> **Your goal**: All of the listing, from first line to last, should be output exactly; the pictures stay out.

> **Recorded information**:
—————

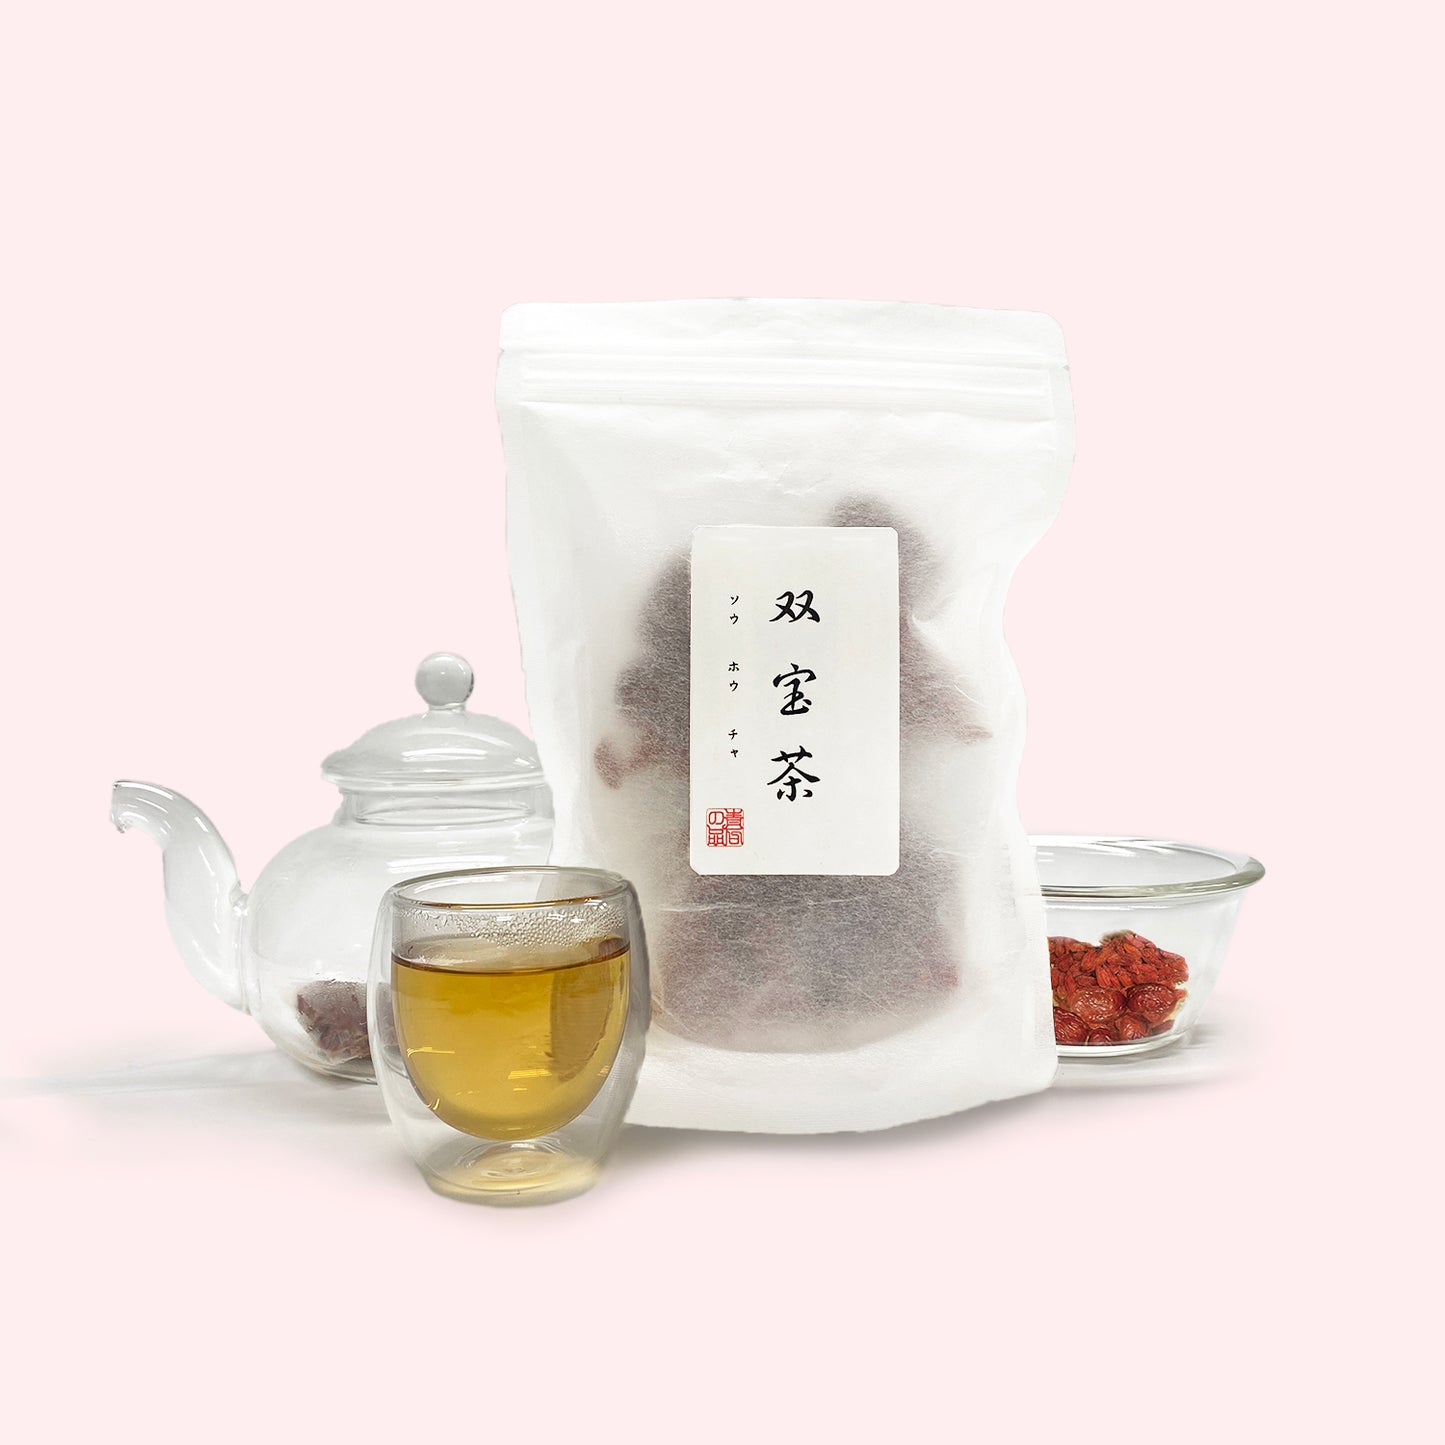 双宝茶(ナツメ・クコシ)
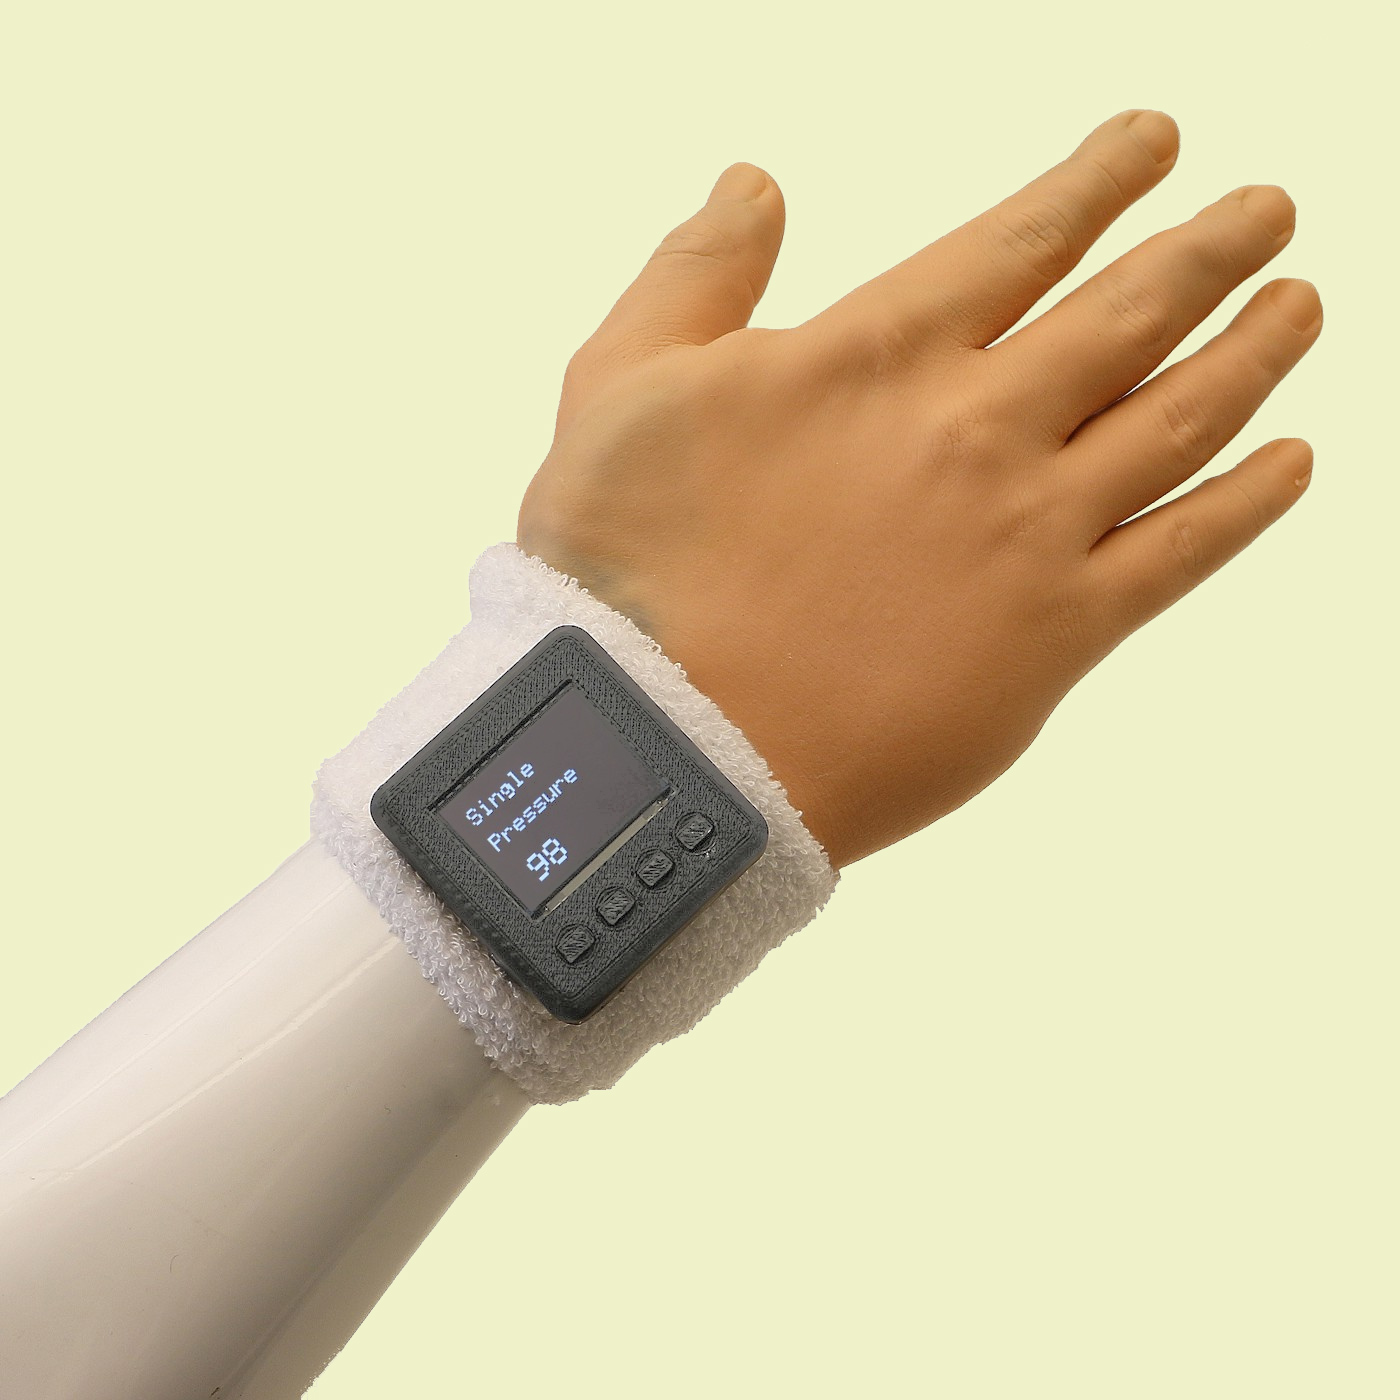 manchetes | e-Luva flexível, sensores de dar mãos uma sensação de toque " Kurzweil 5
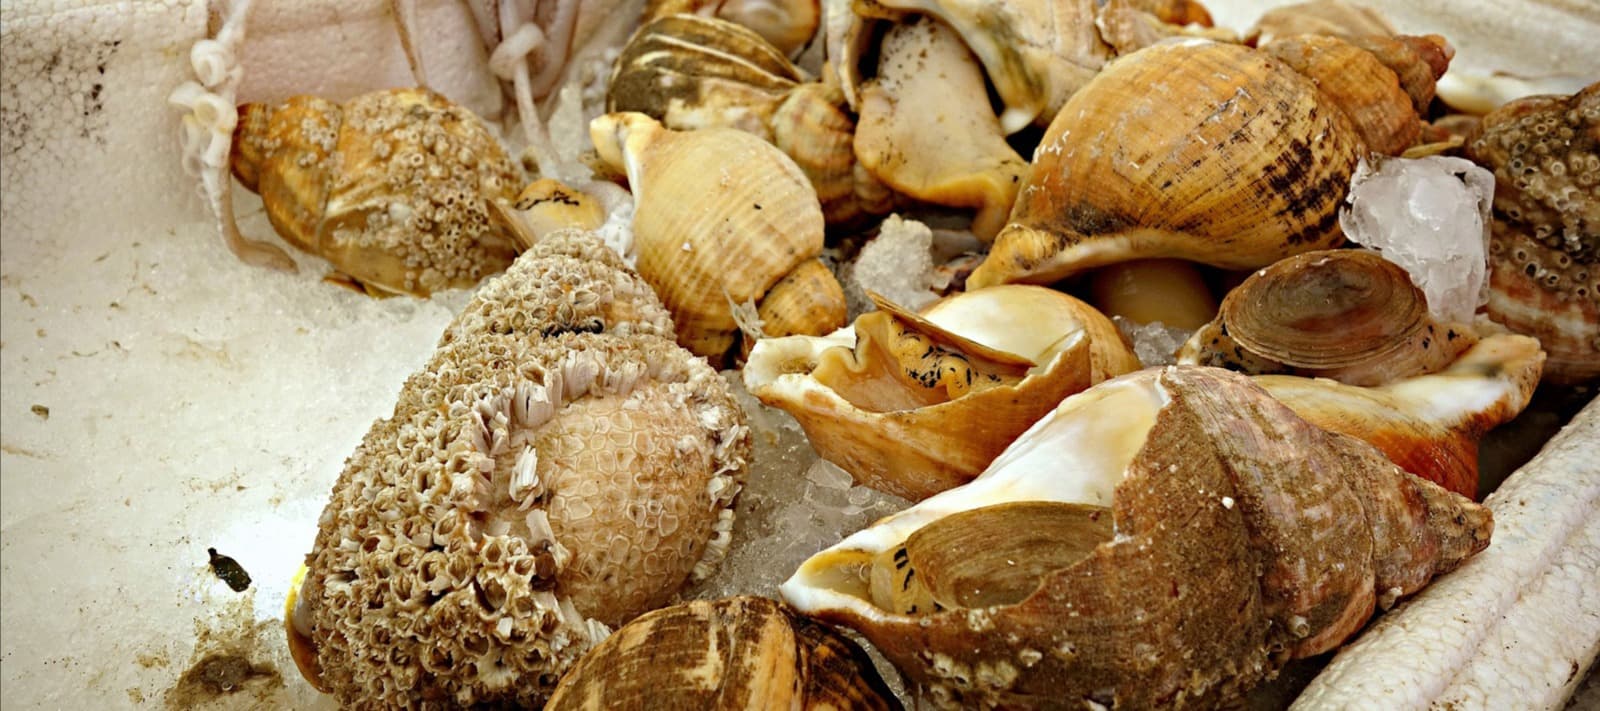 Фото новости: "В России начал расти спрос на деликатесного моллюска трубача"

—————

> **Result of the task**:
 双宝茶(ナツメ・クコシ)
 manchetes | e-Luva flexível, sensores de dar mãos uma sensação de toque " Kurzweil 5
 Фото новости: "В России начал расти спрос на деликатесного моллюска трубача"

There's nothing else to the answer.